◆ **SUPPLIED INFORMATION**:
——

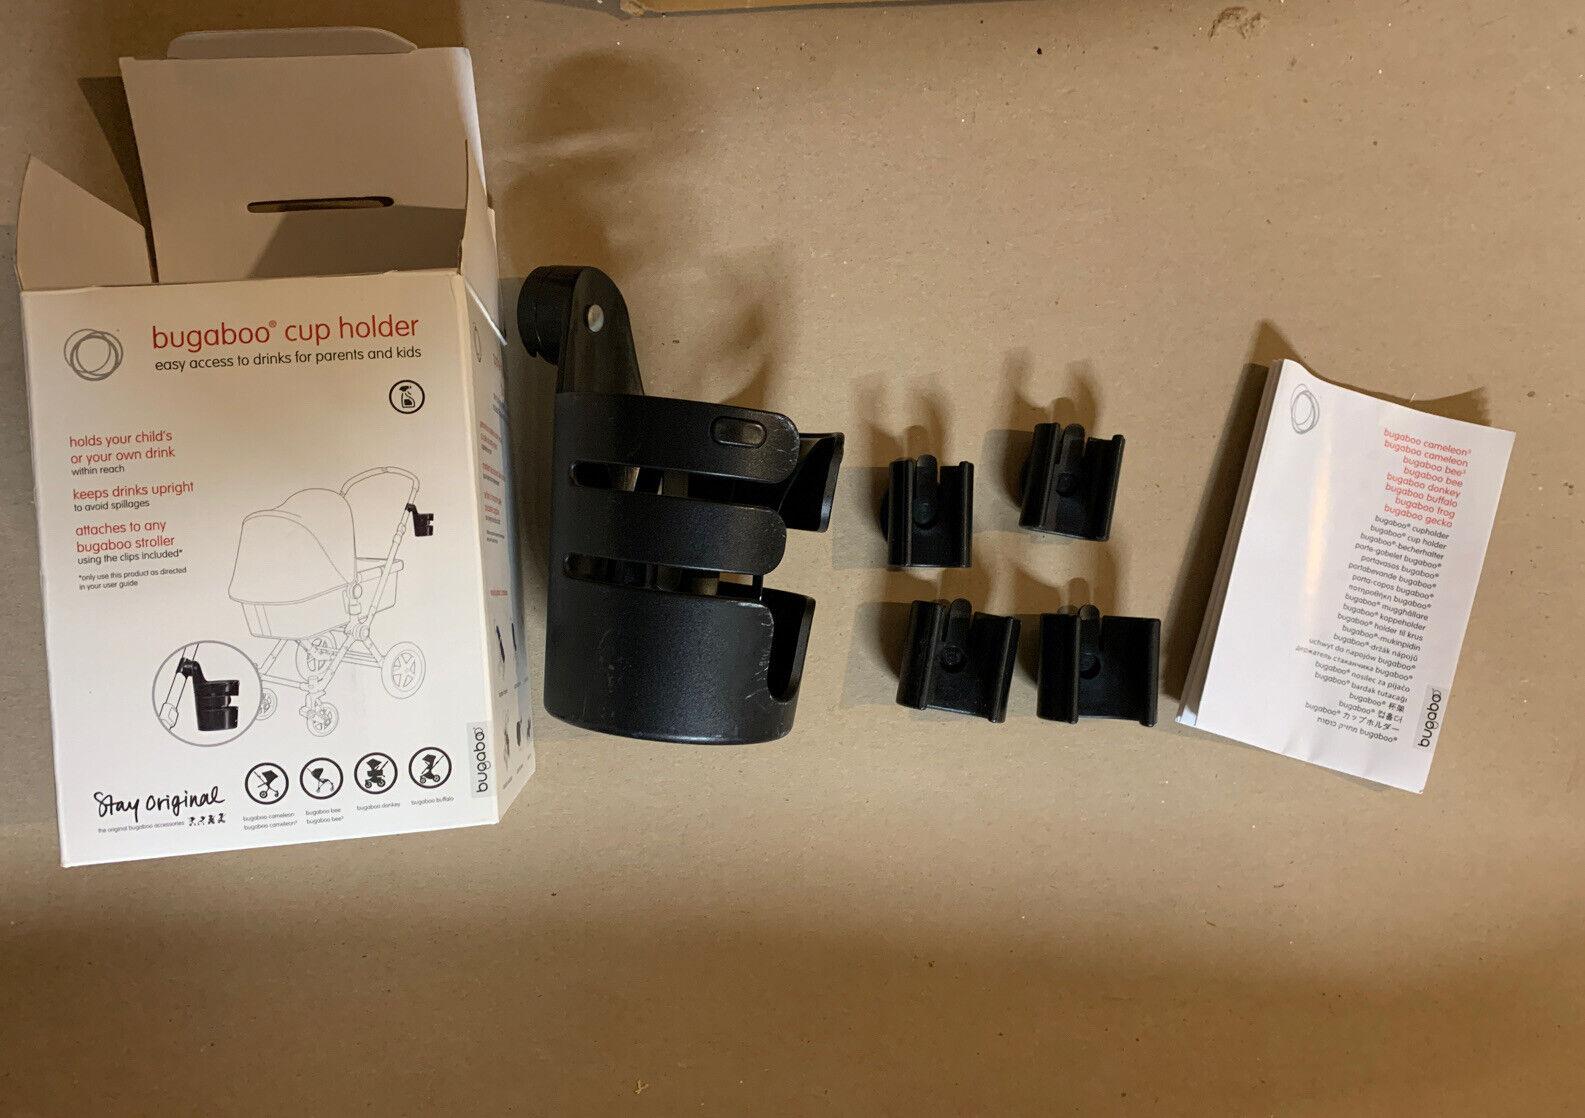 2 3 frog Cameleon stroller cup holder donkey bufallo organizer NEW Bugaboo 1
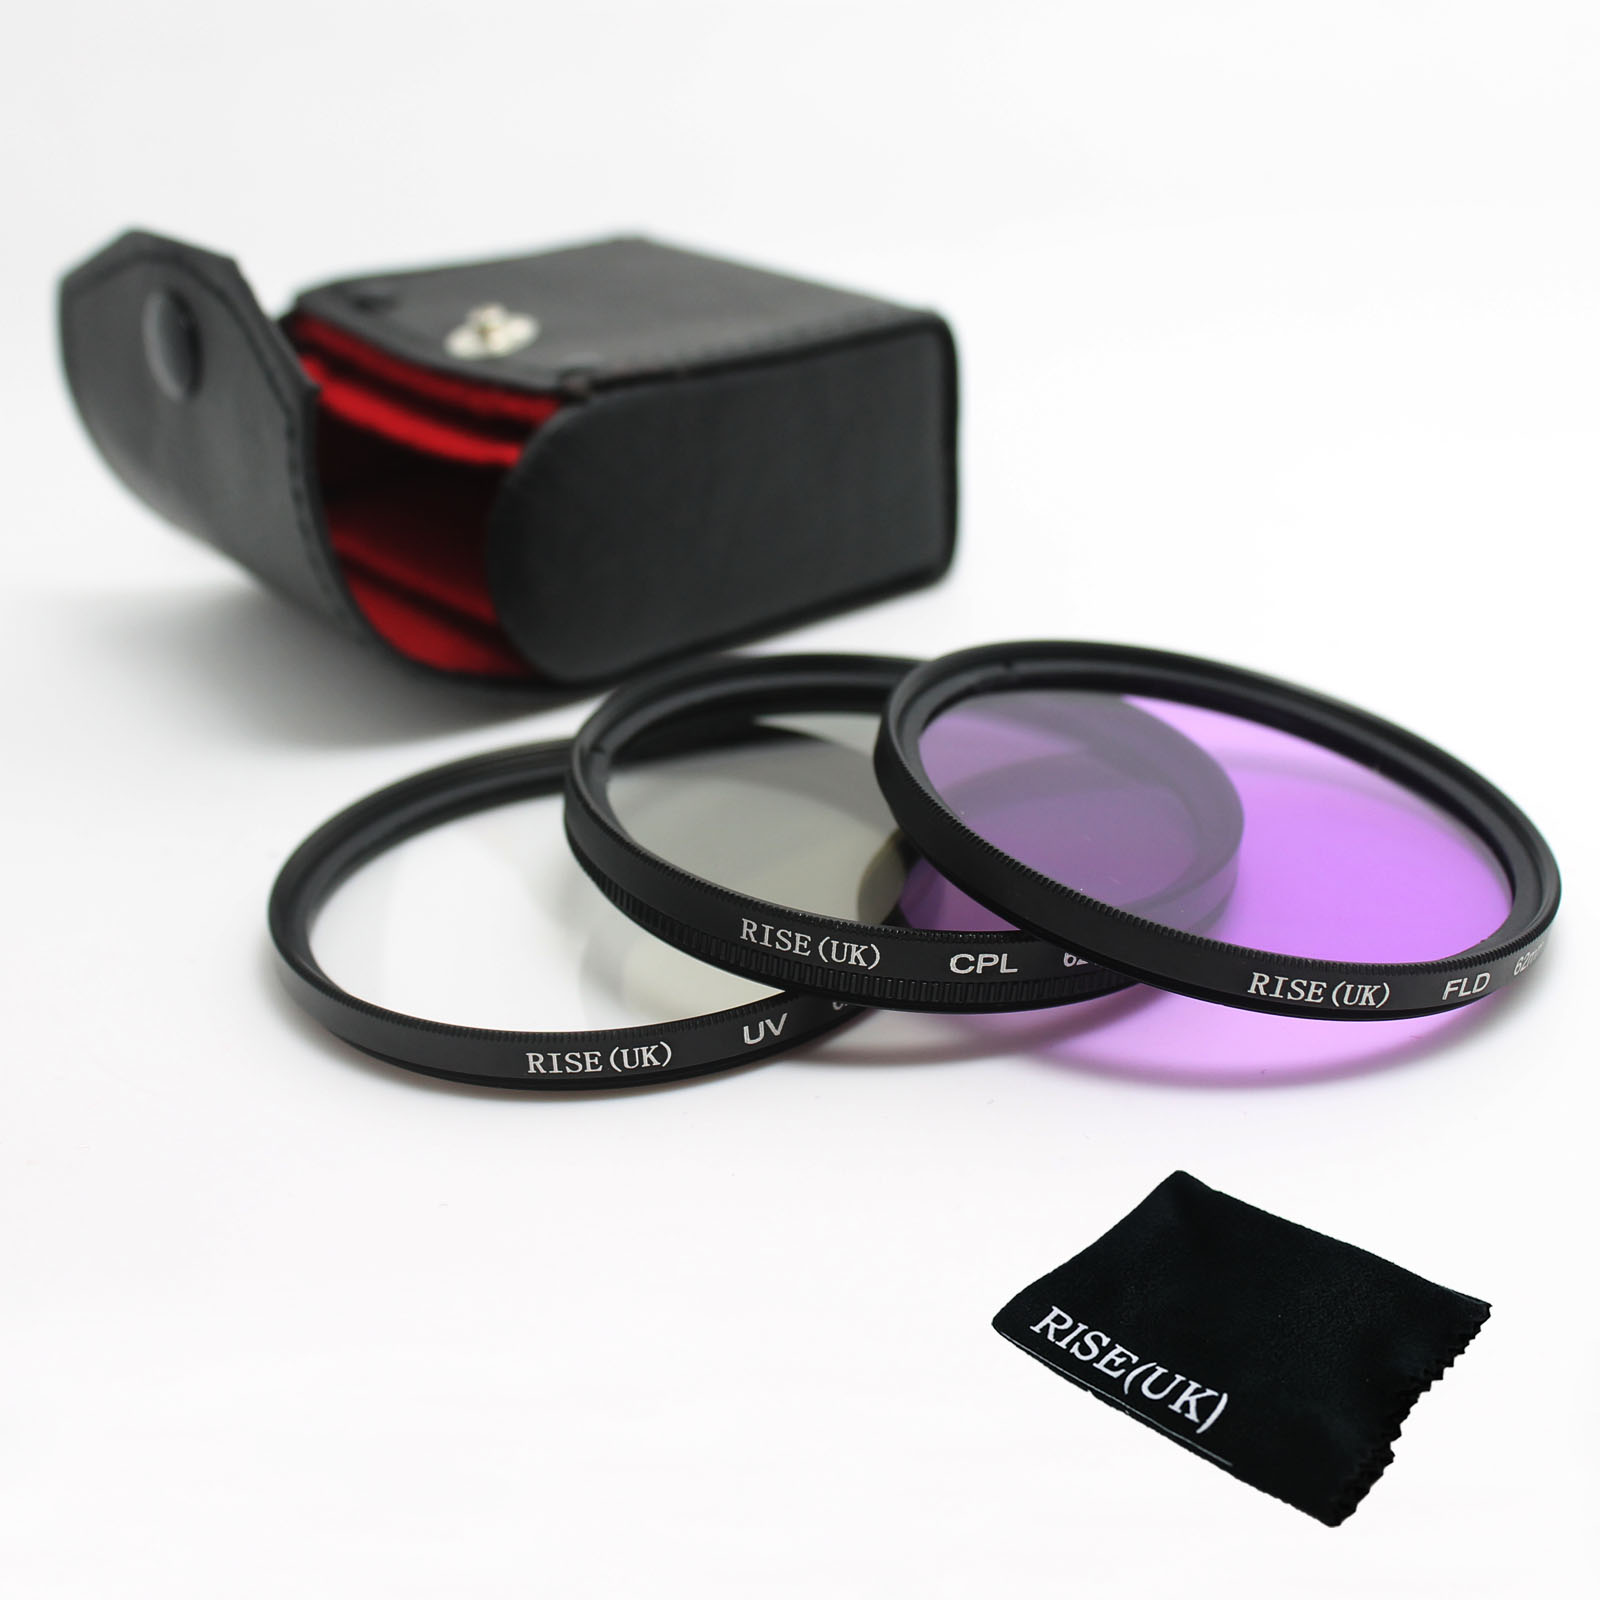 RISE(UK) 49mm 52mm 55 mm 58mm 62mm 67mm 72mm 77mm UV + FLD + CPL Lens Filter Protector for canon nikon pentax sony dslr camera
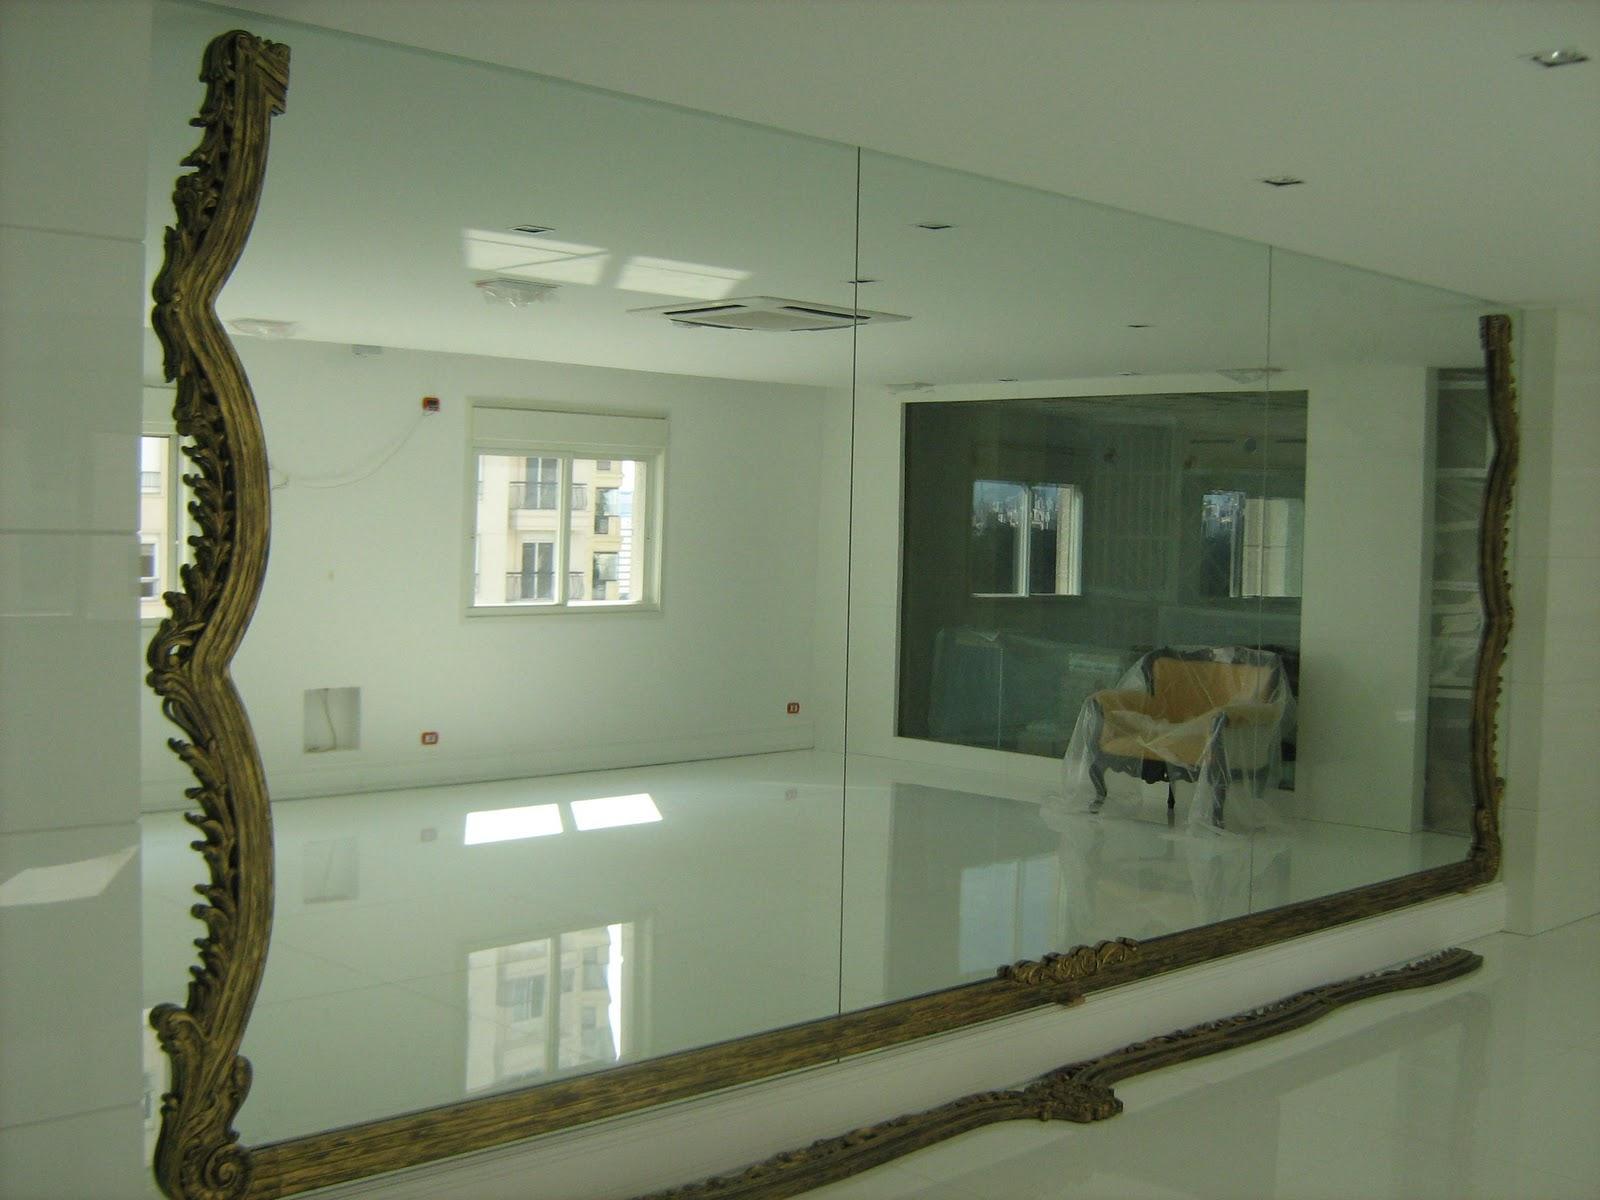 decoracao de interiores artesanal:Blog Decoração de Interiores: Arquitetura Decoração Interiores SP
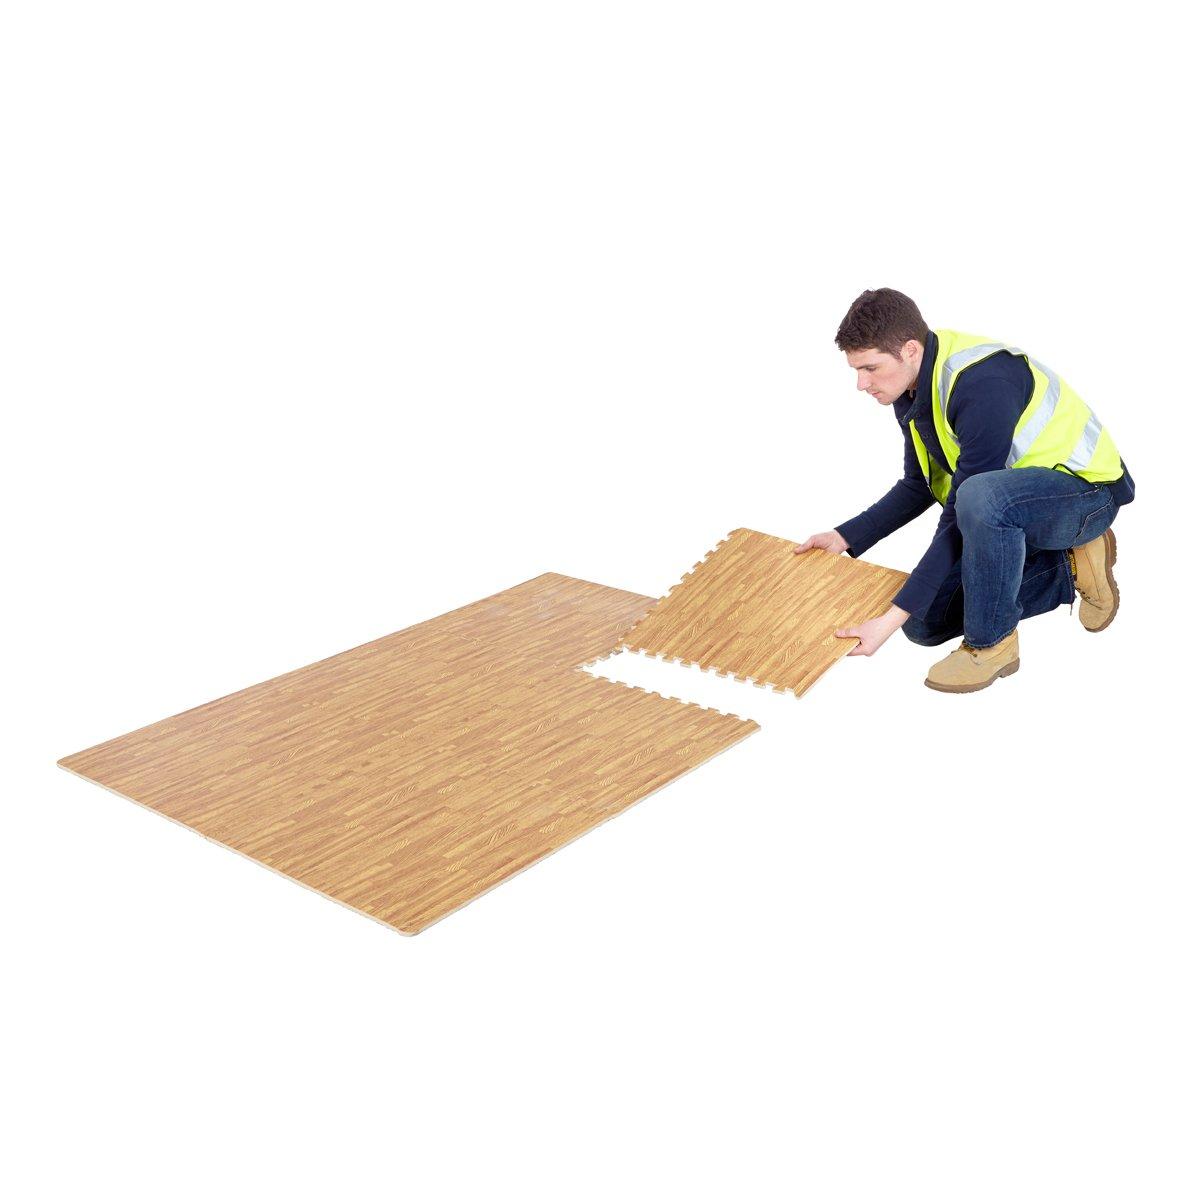 Wood effect interlocking floor tiles pack of 6 eva foam flooring wood effect interlocking floor tiles pack of 6 eva foam flooring exercise mats gym garage house amazon diy tools doublecrazyfo Image collections

——

◆ **ASSIGNMENT**: Output the whole listing without change. Any picture is to be left out.

◆ **RESPONSE TO THE TASK**:
 2 3 frog Cameleon stroller cup holder donkey bufallo organizer NEW Bugaboo 1
 RISE(UK) 49mm 52mm 55 mm 58mm 62mm 67mm 72mm 77mm UV + FLD + CPL Lens Filter Protector for canon nikon pentax sony dslr camera
 decoracao de interiores artesanal:Blog Decoração de Interiores: Arquitetura Decoração Interiores SP
 Wood effect interlocking floor tiles pack of 6 eva foam flooring wood effect interlocking floor tiles pack of 6 eva foam flooring exercise mats gym garage house amazon diy tools doublecrazyfo Image collections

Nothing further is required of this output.